Something as simple as a parts cleaner that is dangerous at best when used properly, is associated (according to the CDC) with depressed brain function, kidney/liver toxicity, associated with the development of Parkinson's Disease, reproductive toxin, and of course cancer whose impacts are magnified when used improperly; i.e. hand washing.

The improper use of hazardous chemicals is a norm in third world countries where a combination of a high illiteracy rate, and general understanding of health is common.  If someone can't read a label how can they understand the dangers or how to protect themselves?  If that same person has no basic health science back ground how can they understand the risks?  Answer to both questions is they can't.  



This is not an isolated incident.  As I have seen large US firms supporting the same type of activity, especially when operating in these third world countries.  One temporary energy firm I worked for had a plant in Ecuador.  The diesel engine mechanics had a local deaf/mute janitor wash parts using gasoline.  When I told them to immediately stop they complained to 'senior' management that I was impacting the operation.  They had used gasoline for parts washing for years, and there is no other alternative.  Of course I identified an alternative within a few days, that was cost effective and safe.  Old ways of doing things are always hard to change.

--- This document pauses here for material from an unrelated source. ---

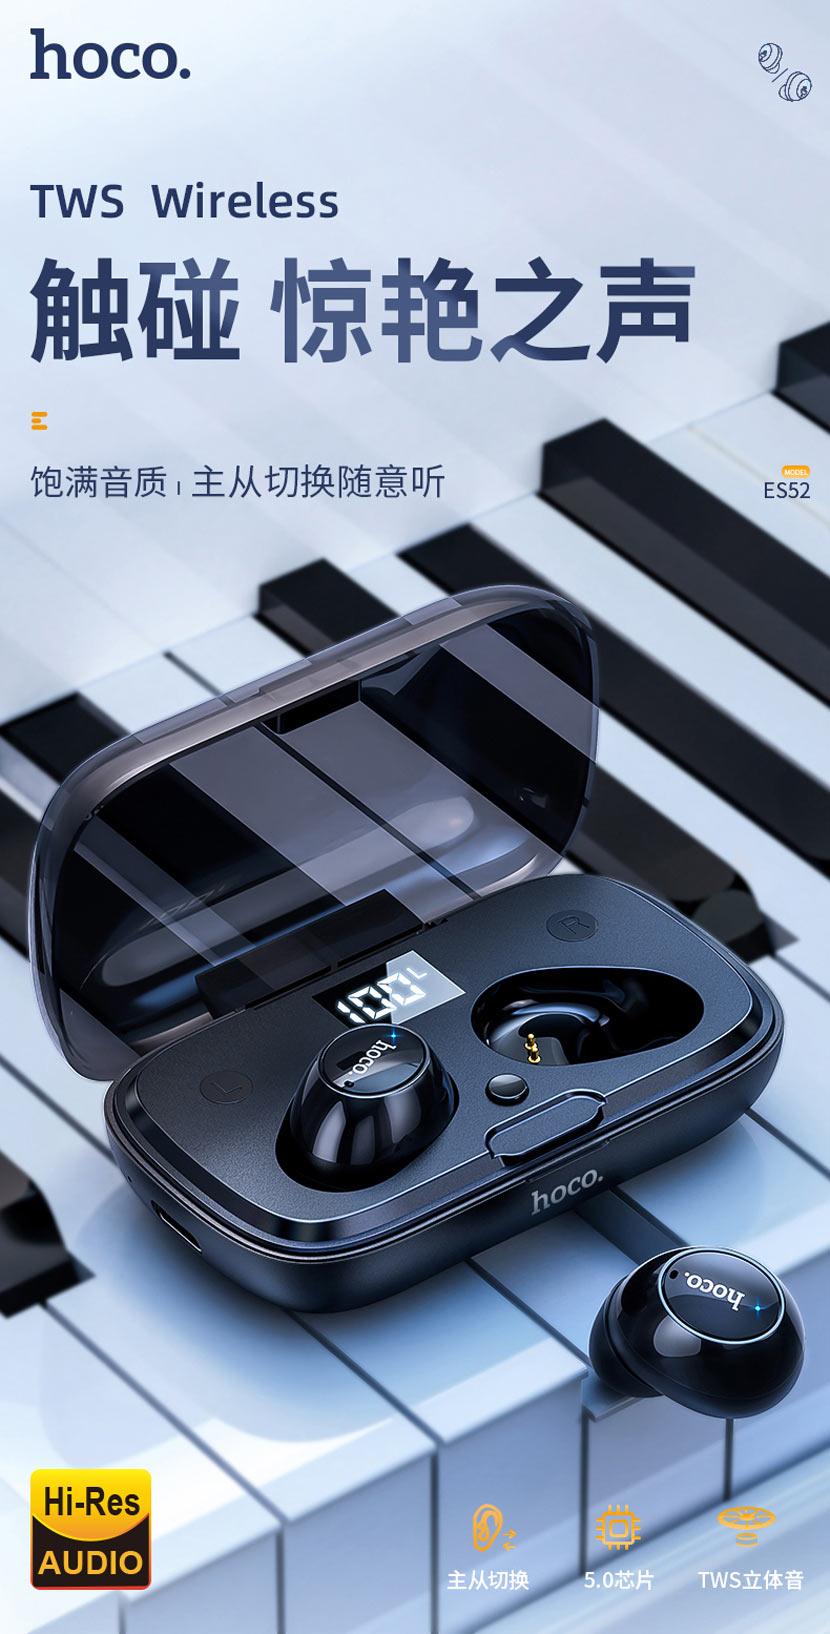 hoco news es52 delight tws wireless bt headset cn
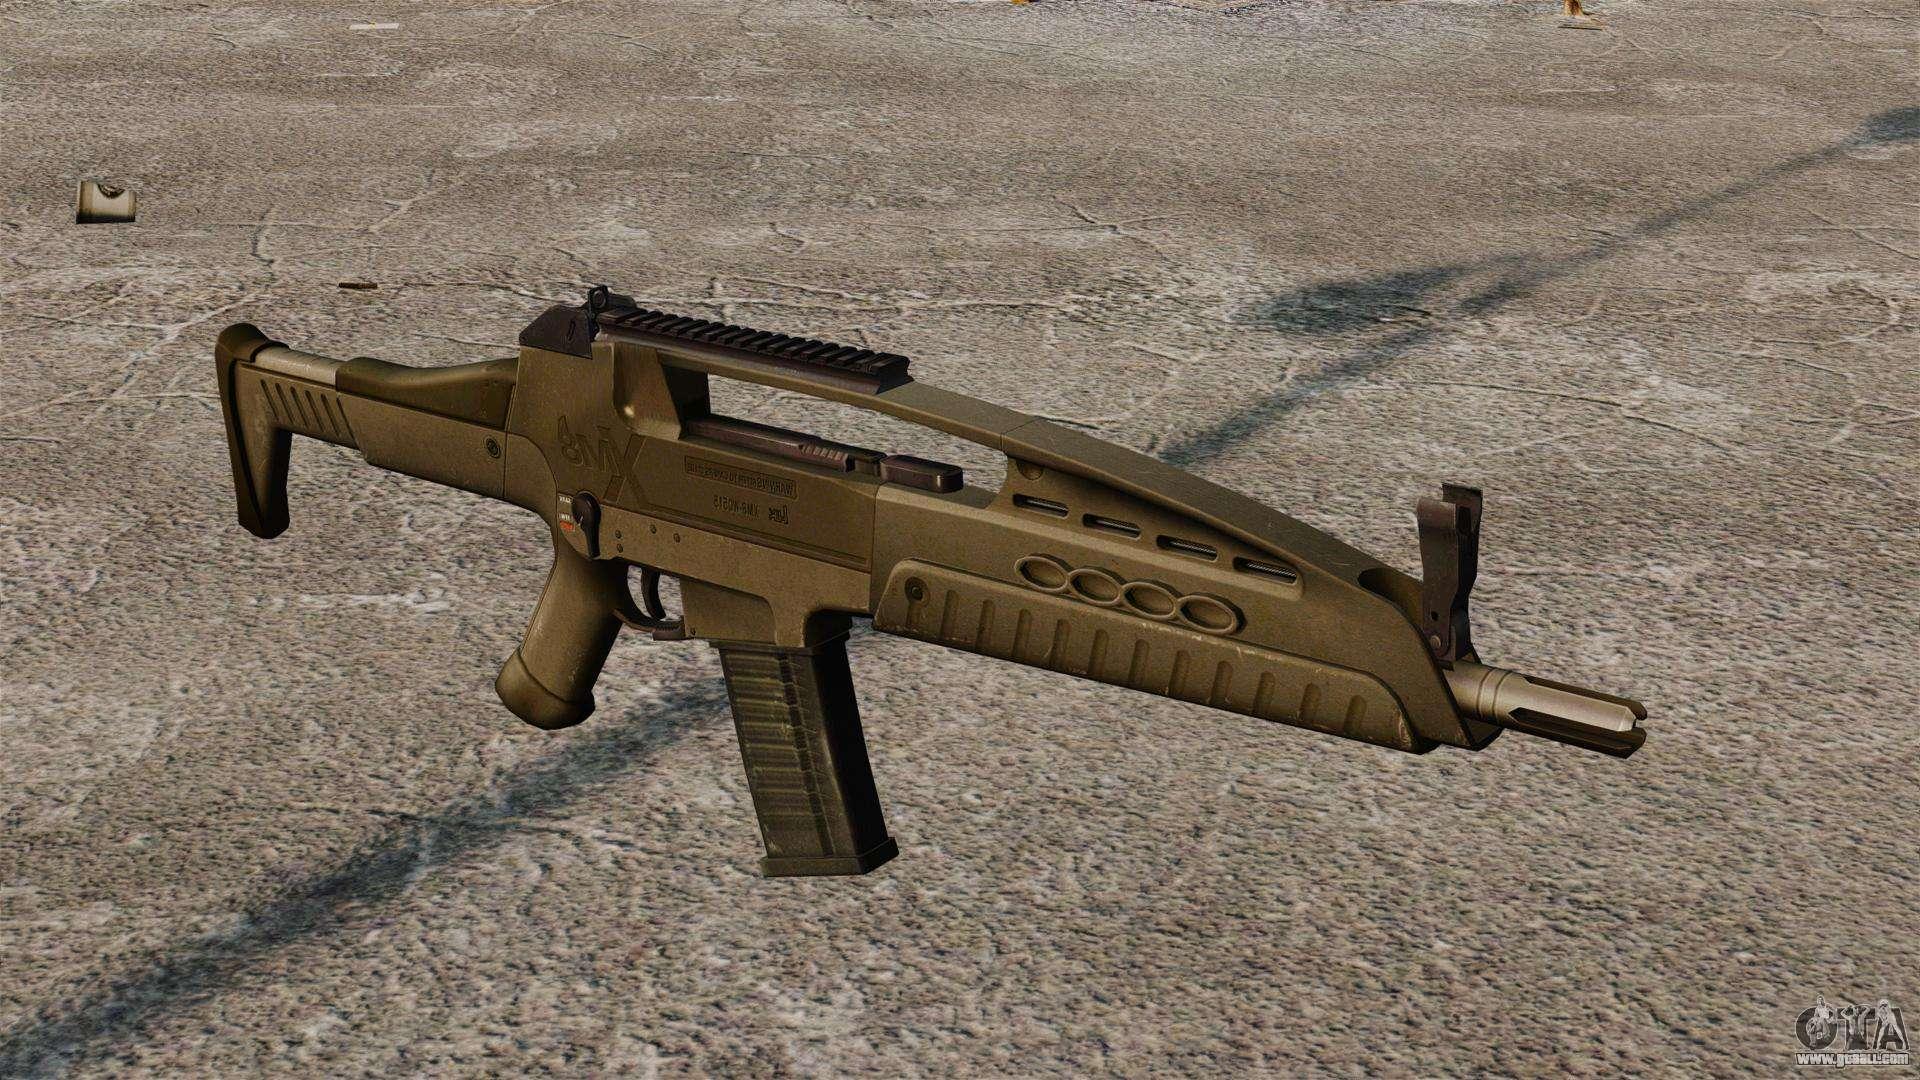 HK XM8 Assault Rifle f...

According to UNESCO the majority of illiterate people in the world are located in the sub-sahara, arabic countries, and south Asia.  The sub-sahara of Africa is where hazardous waste/chemicals has been disposed of or stored legally (as in the case of the French military mentioned about) and illegally.  

The Basel Convention agreement was designed to stop the illegal transboundary movement of these substances.  In the case of the US military it has caused an increase in the price that is paid to dispose of hazardous wastes.  This increased price can put pressure on other country governments to identify other means of disposal as was identified at this one location, either intentional or inadvertent.